Könnte stimmen. Beim Reifen steht Dimension 54-507


----------



## Fisch123 (27. Februar 2015)

Sorry, da habt ihr recht.


----------



## holznik (28. Februar 2015)

Ich würde mir evtl. diese Kinetix Felge ansehen, auch wenn sie schmal ausfällt. Evtl. muss die Felge mit einem schmaleren Reifen kombiniert werden. 

-holznik





*Komplett schwarze Kinetix Pro Aluminium Hohlkammerfelge 24 Zoll (14-507)*


mit 32 Speichenlöchern ungeöst
für SV-Ventile geeignet (franz. Ventile)
für Reifenbreiten: 19 mm bis 47 mm
Gewicht ca. 390 Gramm
*nicht für Felgenbremsen geeignet*
Felgengesamthöhe 25 mm
Felgengesamtbreite 20mm
der Einspeich-ERD beträgt 476 mm

http://www.zweiradnetz.de/laufrad/felgen/kinetix-pro-alufelge-24-zoll-17-507-schwarz-32-loch-kaufen


----------



## Hotschy681 (28. Februar 2015)

Nicht für Felgenbremsen geeignet...


----------



## KIV (28. Februar 2015)

Vielleicht hat @Roelof noch einen Tipp..?


----------



## Hotschy681 (28. Februar 2015)

Ich werde wahrscheinlich einen kompletten LRS bei Hr. Fischer von Kaniabikes kaufen. Der ist sehr leicht und durchaus bezahlbar... den hattest du ja auch @KIV


----------



## MTB-News.de




----------



## Fisch123 (28. Februar 2015)

http://www.radsport-erdmann.de/Fahrradteile/Fahrrad-Felgen/24-Zoll-Felgen/-2162-2164.html

http://www.speichendoktor.com/Ersatzteile/Felgen/24-Zoll/Schuermann-Point-19-24\-7962::7962.html


----------



## KIV (28. Februar 2015)

Check mal hier, da könnte was dabei sein:
http://de.hollandbikeshop.com/alexrims/


----------



## Hotschy681 (28. Februar 2015)

@Fisch123 Danke, die habe ich auch schon gefunden. Aber die passen auch nicht direkt ins Suchprofil. Wie gesagt, ich werde warscheinlich einen kompletten LRS kaufen, der wiegt nur 1200g, da muss ich mich schon ganz schön ins Zeug legen um so einen selber zu bauen!


----------



## Fisch123 (28. Februar 2015)

Anforderung: leicht, schwarz und für Felgenbremsen und in Deutschland beziehbar.

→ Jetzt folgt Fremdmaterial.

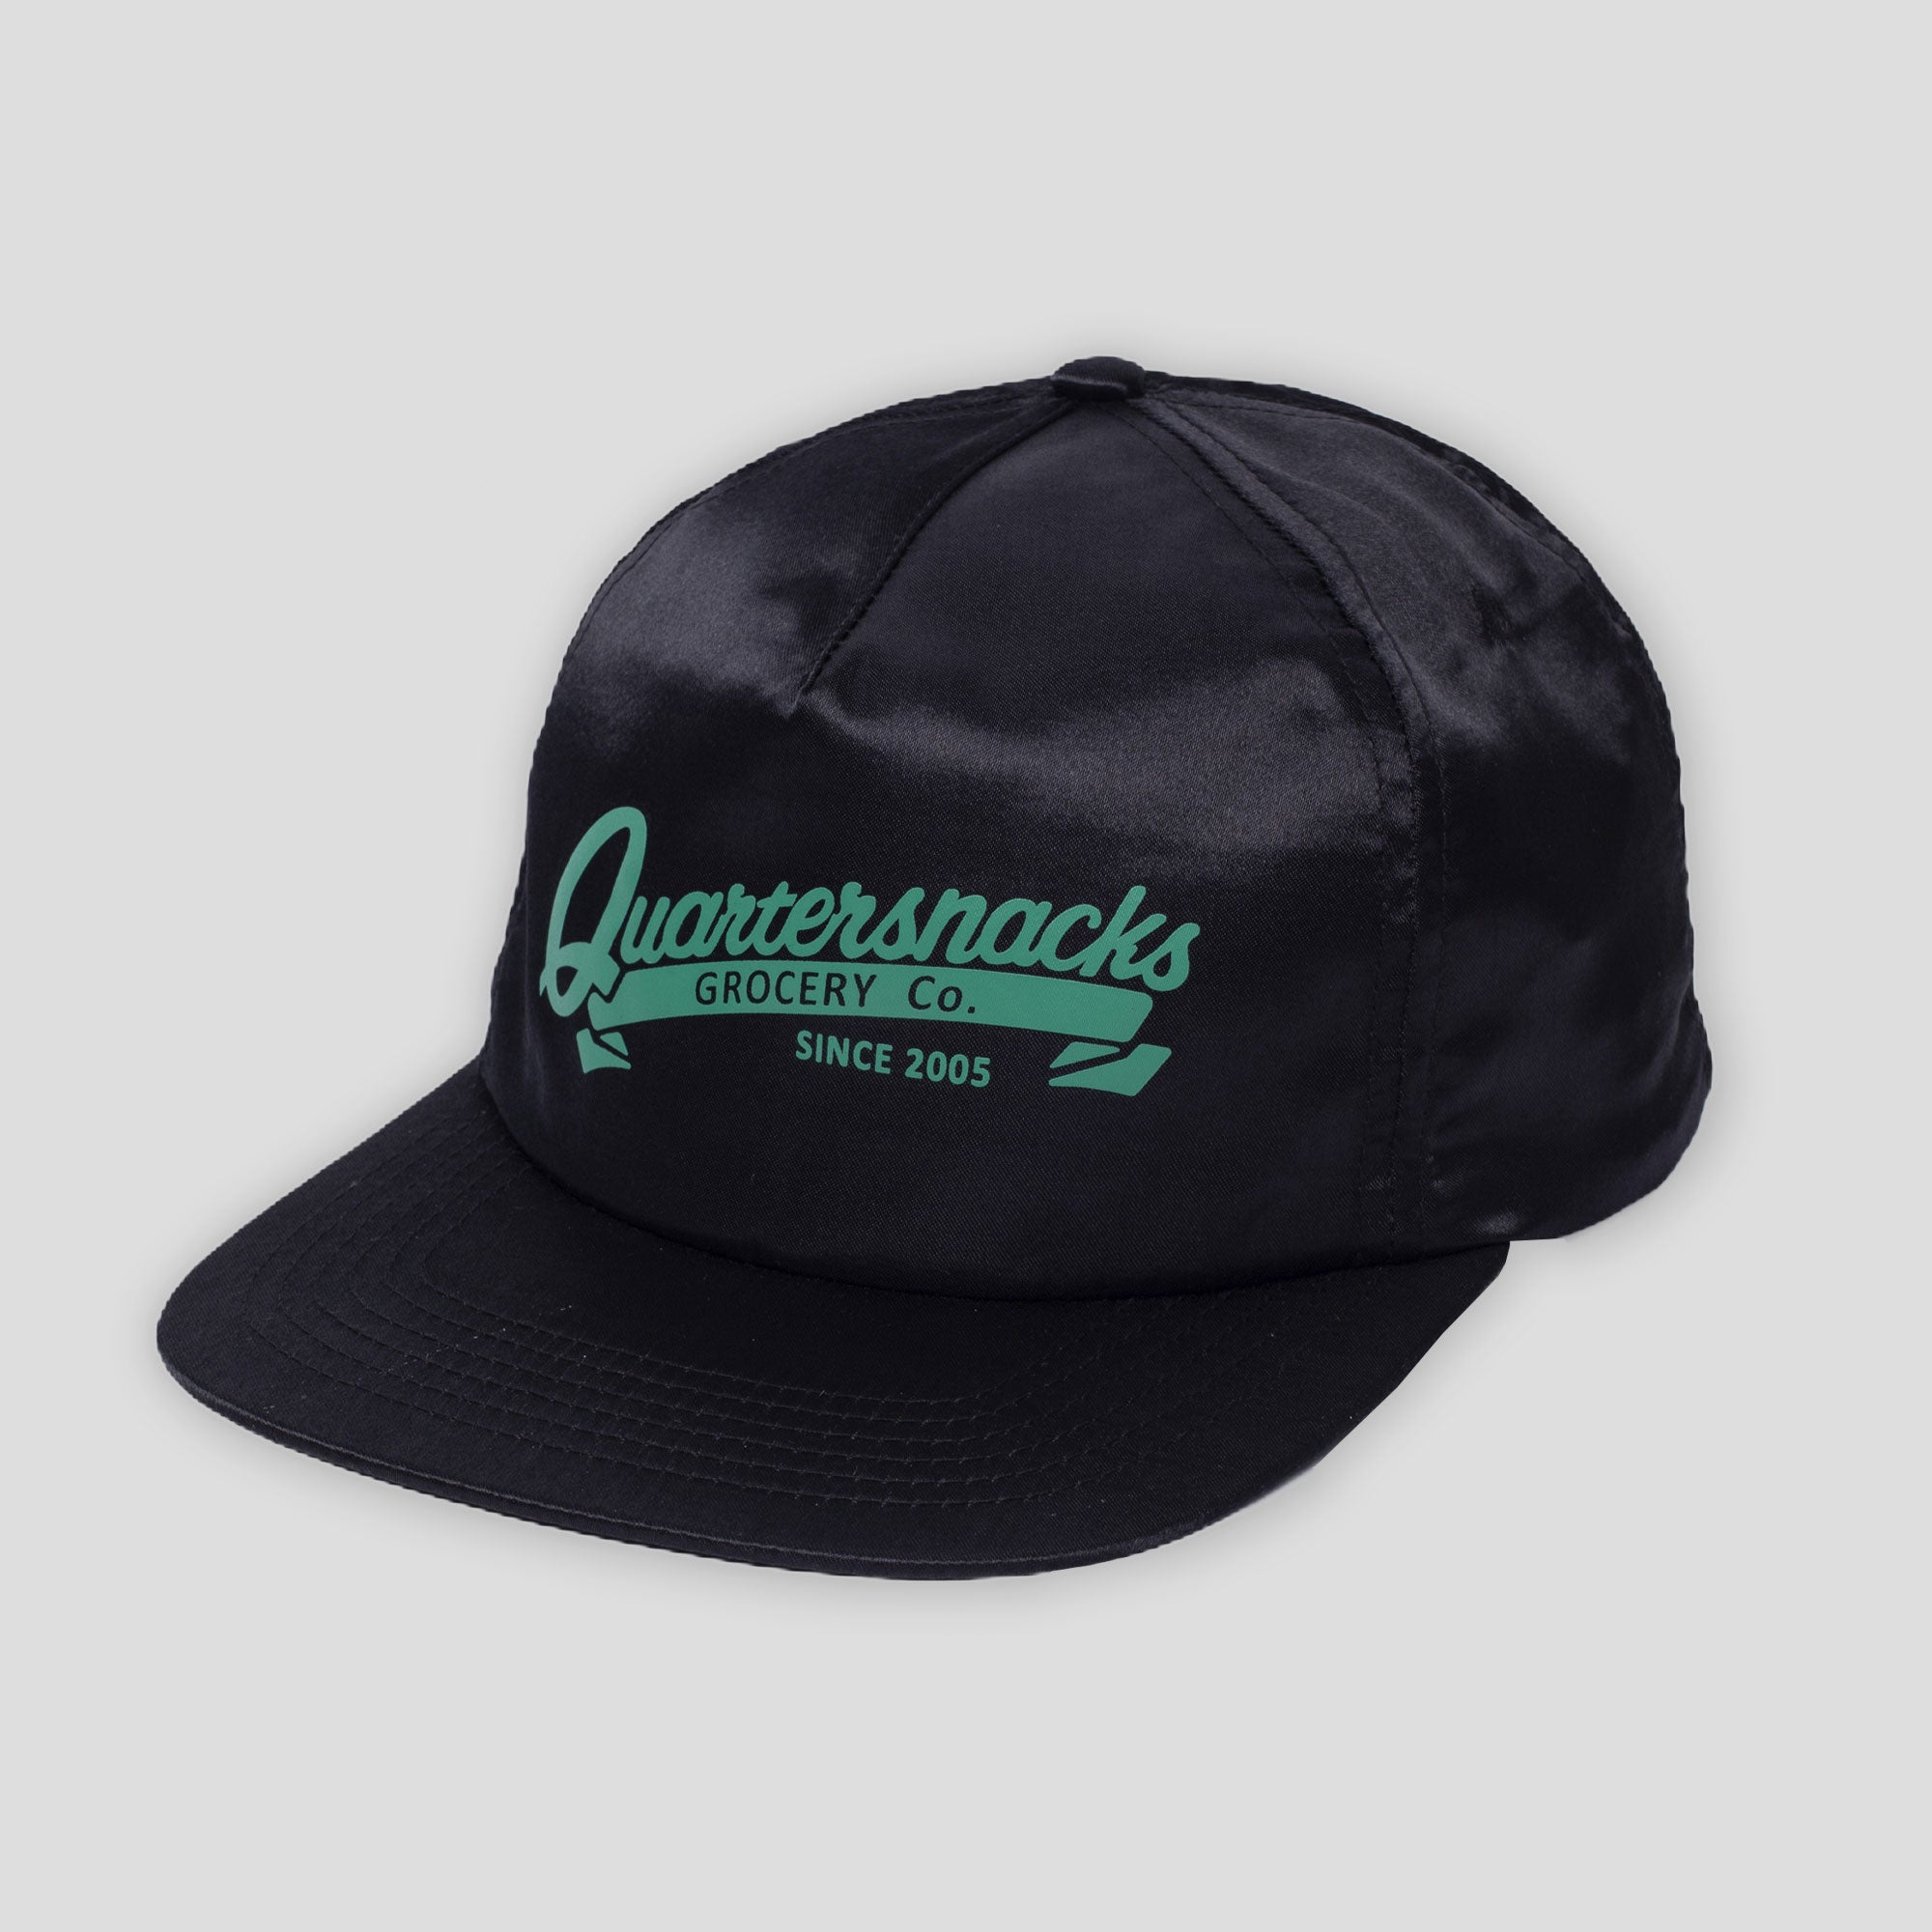 Quartersnacks Grocery Cap - Black

der Hollandshop ist in den Niederlanden


----------



## KIV (28. Februar 2015)

Liefert für 6,95 nach D. Hab schon öfters dort bestellt.
Die Ware ist also in Deutschland beziehbar.

Btw: Suchst Du Streit..?


----------



## Fisch123 (28. Februar 2015)

Nö,
aber halte du dich doch bitte auch an die Vorgaben.
Der einzige der einen ständig ans Bein 
pink...t  bist du doch.
Fahr dich mal runter.
Sabine


----------



## MTB-News.de




----------



## Hotschy681 (28. Februar 2015)

Freunde, nicht diese Töne...sondern lasst uns angenehmere anstimmen...und freudenvollere!

Ich hab mich quasi entschieden, den komplett LRS zu kaufen. Von daher kann die Felgendiskussion an dieser Stelle beendet werden! Danke für eure Hilfe!


----------



## Roelof (28. Februar 2015)

Fisch123 schrieb:


> Sorry, da habt ihr recht.


Ist mir mit genau der selben felge auch passiert.


----------



## holznik (1. März 2015)

Hotschy681 schrieb:


> Nicht für Felgenbremsen geeignet...



... entschuldige! Hatte das versteckte "No-Disc" im Titel nicht beachtet. RCZ Bikeshop hatte bis vor Kurzem einen attraktiven 24" Laufradsatz für Kinder:

http://www.rczbikeshop.de/de/rcz-012-wheelset-mini-race-24-v-brakes-axle-9mm-black-black.html

Vielleicht kommt der wieder. Viel Erfolg.


----------



## wintermute (2. März 2015)

Hoi,

falls noch aktuell:
http://www.cyclocross-store.de/de/laufradsaetze/24-zoll-mtb-kids/laufradsatz-gunsha-mtb-1400-kids

ich hab die Disc Variante gekauft und bin sehr zufrieden.
Preis ist natuerlich ein arger Schocker...

Thomas


----------



## Hotschy681 (2. März 2015)

Der LRS bei Kania kostet ungefähr genauso viel, ist aber nochmal 200g leichter...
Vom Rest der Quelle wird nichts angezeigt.